Development and Experimental Validation of Machine Learning-Based Disulfidptosis-Related Ferroptosis Biomarkers in Inflammatory Bowel Disease
Abstract
Background: Inflammatory bowel disease (IBD) is a chronic inflammatory condition of the gastrointestinal tract, defined by intestinal epithelial cell death. While ferroptosis and disulfidptosis have been linked to IBD pathogenesis, the functional significance of disulfidptosis-related ferroptosis genes (DRFGs) in this disease remains poorly characterized. This investigation sought to pinpoint DRFGs as diagnostic indicators and clarify their mechanistic contributions to IBD progression. Methods: Four IBD datasets (GSE65114, GSE87473, GSE102133, and GSE186582) from the GEO database were integrated to identify differentially expressed genes (DEGs) (|log2FC| > 0.585, adj. p < 0.05). A Pearson correlation analysis was used to link disulfidptosis and ferroptosis genes, followed by machine learning (LASSO and RF) to screen core DRFGs. The immune subtypes and single-cell sequencing (GSE217695) results were analyzed. A DSS-induced colitis Mus musculus (C57BL/6) model was used for validation. Results: Transcriptomic profiling identified 521 DEGs, with 16 defined as DRFGs. Nine hub genes showed diagnostic potential (AUC: 0.71-0.91). Functional annotation demonstrated that IBD-associated genes regulate diverse pathways, with a network analysis revealing their functional synergy.
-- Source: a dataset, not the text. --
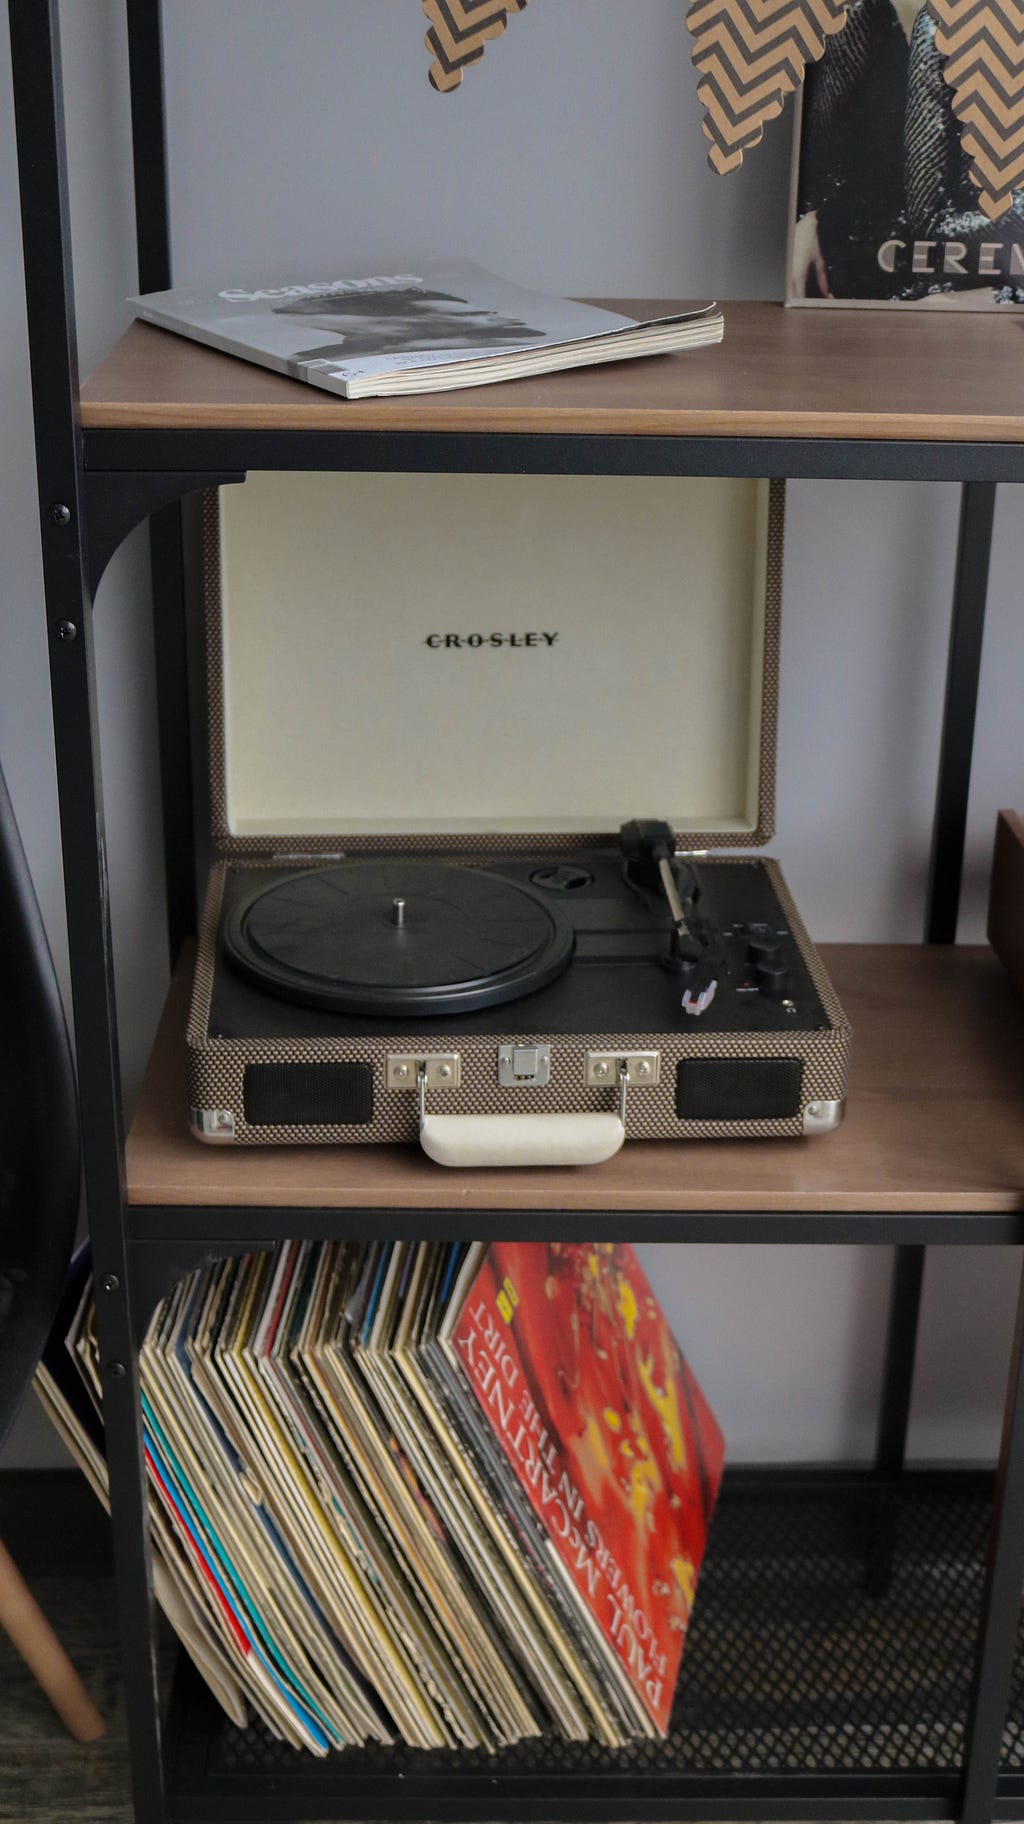 Old record player on a middle shelf with multiple vinyl records below and a book above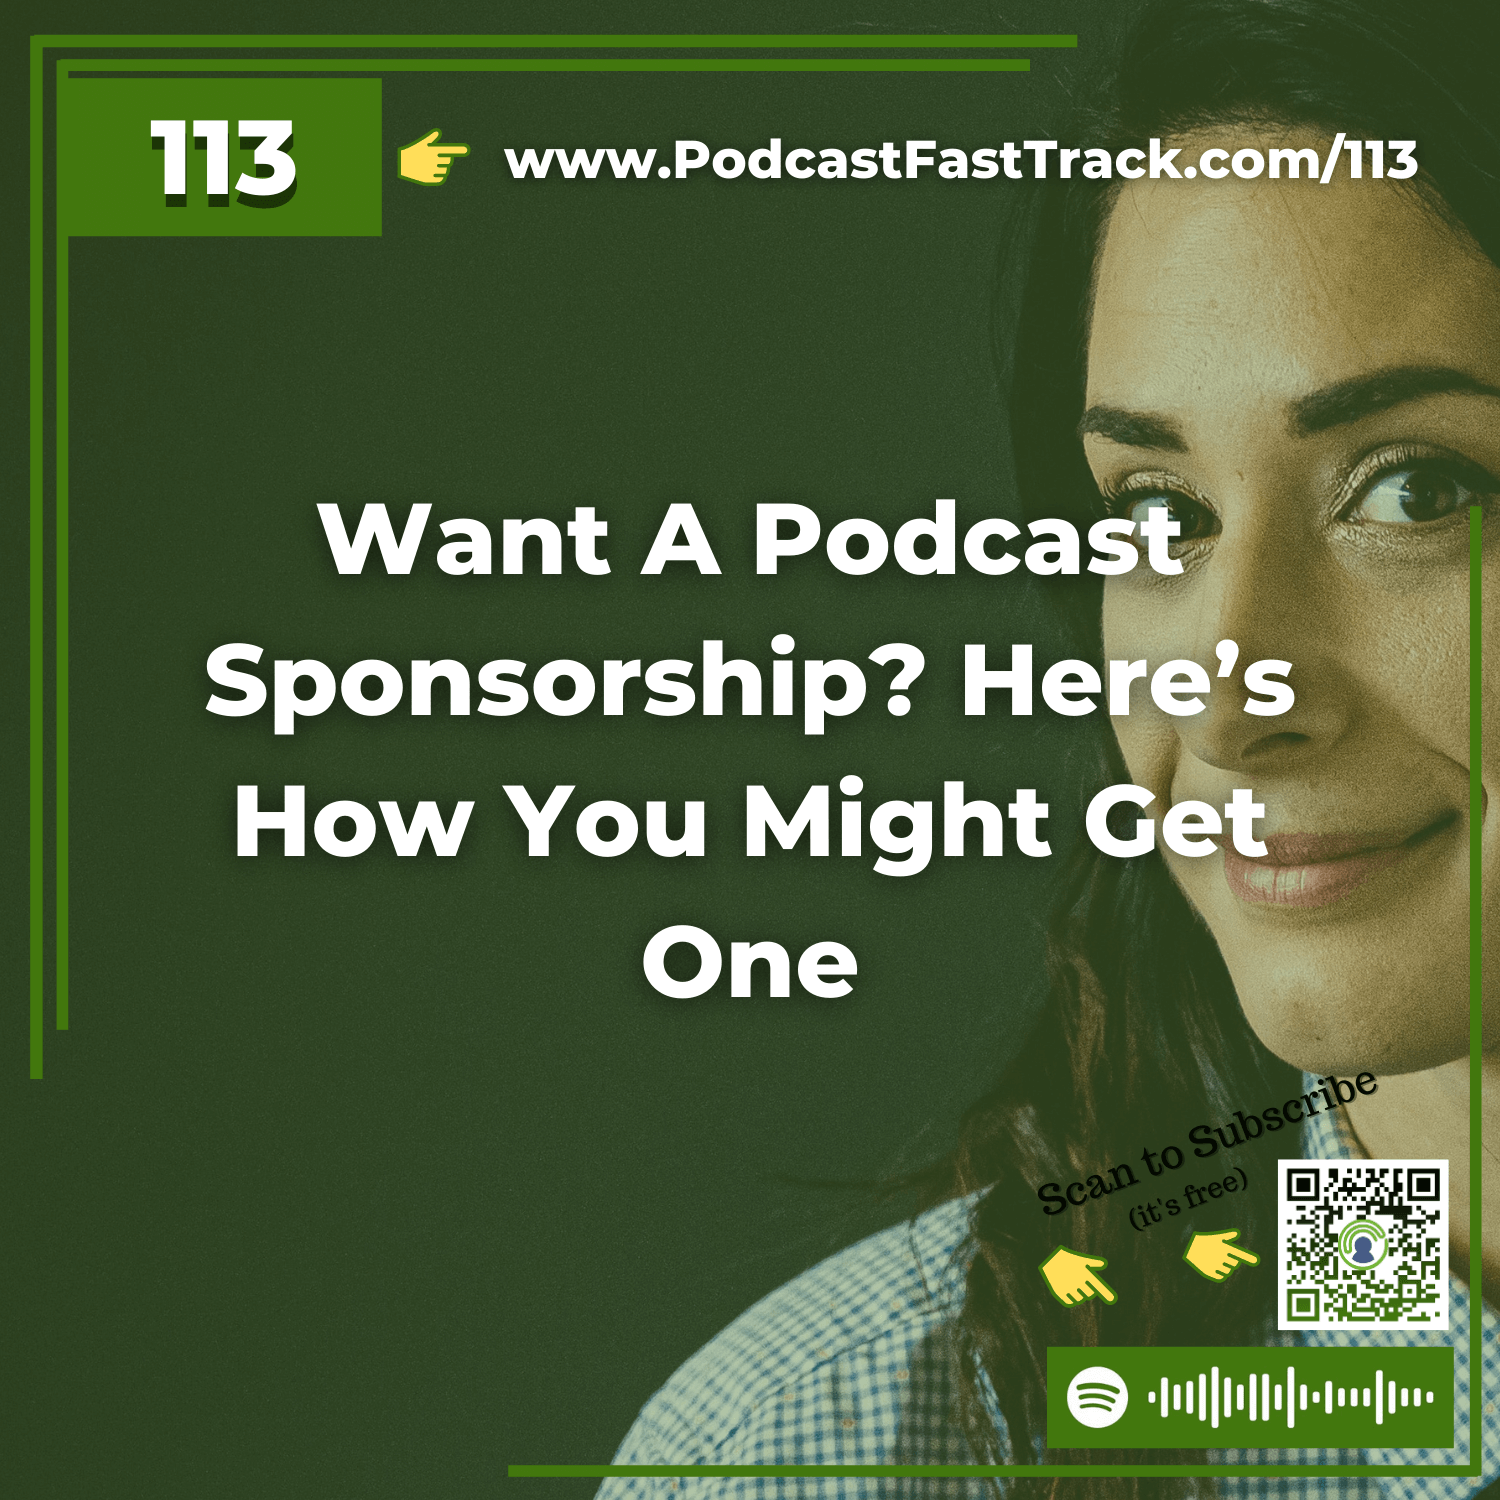 113: Want A Podcast Sponsorship? Here’s How You Might Get One

The PPI networks prioritized DUOX2, NCF2, ACSL4, GPX2, CBS, and LPCAT3 as central hubs. Two immune subtypes exhibited divergent DRFG expression. Single-cell mapping revealed epithelial/immune compartment specificity. The DSS-induced murine colitis model confirmed differential expression patterns of DRFGs, with concordant results between qRT-PCR and RNA-seq, emphasizing their pivotal regulatory roles in disease progression and potential for translational application. Conclusions: DRFGs mediate IBD progression via multi-signal pathway regulation across intestinal cell types, demonstrating diagnostic and prognostic potential.